## How to complete this task:
From the data below, return the exact lines starting at the line containing "40108 - JO ANAL" and ending at the line containing "Krystal郑秀晶高清街拍图片壁纸", both included, and nothing else.

## Supplied data:
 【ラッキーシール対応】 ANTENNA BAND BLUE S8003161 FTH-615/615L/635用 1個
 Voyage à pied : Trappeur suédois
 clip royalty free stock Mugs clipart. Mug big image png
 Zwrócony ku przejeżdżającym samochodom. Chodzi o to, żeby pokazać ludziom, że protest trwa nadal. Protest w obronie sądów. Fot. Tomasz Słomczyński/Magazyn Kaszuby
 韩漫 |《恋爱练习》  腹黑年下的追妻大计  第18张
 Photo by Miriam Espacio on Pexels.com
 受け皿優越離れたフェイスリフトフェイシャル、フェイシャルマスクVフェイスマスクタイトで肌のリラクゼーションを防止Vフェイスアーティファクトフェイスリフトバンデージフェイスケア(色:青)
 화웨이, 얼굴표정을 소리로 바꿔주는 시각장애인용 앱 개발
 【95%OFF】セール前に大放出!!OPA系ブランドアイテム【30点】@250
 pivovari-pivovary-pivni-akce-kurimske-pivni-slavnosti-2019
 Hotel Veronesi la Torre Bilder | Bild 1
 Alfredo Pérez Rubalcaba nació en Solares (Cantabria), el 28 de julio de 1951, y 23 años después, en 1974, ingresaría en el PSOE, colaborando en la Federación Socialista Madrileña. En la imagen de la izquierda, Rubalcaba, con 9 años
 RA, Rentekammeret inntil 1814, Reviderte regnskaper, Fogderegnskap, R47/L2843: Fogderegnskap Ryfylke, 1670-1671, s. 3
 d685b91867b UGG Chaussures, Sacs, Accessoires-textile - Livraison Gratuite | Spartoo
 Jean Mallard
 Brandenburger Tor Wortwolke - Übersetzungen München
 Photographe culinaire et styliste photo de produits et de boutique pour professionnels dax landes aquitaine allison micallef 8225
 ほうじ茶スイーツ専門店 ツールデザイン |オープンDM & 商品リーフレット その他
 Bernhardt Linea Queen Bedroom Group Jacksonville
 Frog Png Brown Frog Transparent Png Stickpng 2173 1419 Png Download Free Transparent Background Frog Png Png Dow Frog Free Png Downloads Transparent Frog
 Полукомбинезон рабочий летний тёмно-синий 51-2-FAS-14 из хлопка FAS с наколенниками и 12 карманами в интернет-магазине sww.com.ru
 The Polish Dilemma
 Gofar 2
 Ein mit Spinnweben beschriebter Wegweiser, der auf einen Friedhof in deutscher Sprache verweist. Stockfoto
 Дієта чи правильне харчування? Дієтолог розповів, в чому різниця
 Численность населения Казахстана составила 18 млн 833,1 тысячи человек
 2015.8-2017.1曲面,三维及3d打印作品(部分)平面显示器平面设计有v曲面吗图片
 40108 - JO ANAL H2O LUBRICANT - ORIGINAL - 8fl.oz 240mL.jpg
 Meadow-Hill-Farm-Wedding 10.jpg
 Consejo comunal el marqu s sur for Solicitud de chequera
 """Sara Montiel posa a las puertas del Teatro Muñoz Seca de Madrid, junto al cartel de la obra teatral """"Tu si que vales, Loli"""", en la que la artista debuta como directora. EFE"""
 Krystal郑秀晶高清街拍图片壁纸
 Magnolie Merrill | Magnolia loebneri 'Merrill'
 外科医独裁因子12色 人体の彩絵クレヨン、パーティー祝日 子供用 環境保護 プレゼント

## Response below:
 40108 - JO ANAL H2O LUBRICANT - ORIGINAL - 8fl.oz 240mL.jpg
 Meadow-Hill-Farm-Wedding 10.jpg
 Consejo comunal el marqu s sur for Solicitud de chequera
 """Sara Montiel posa a las puertas del Teatro Muñoz Seca de Madrid, junto al cartel de la obra teatral """"Tu si que vales, Loli"""", en la que la artista debuta como directora. EFE"""
 Krystal郑秀晶高清街拍图片壁纸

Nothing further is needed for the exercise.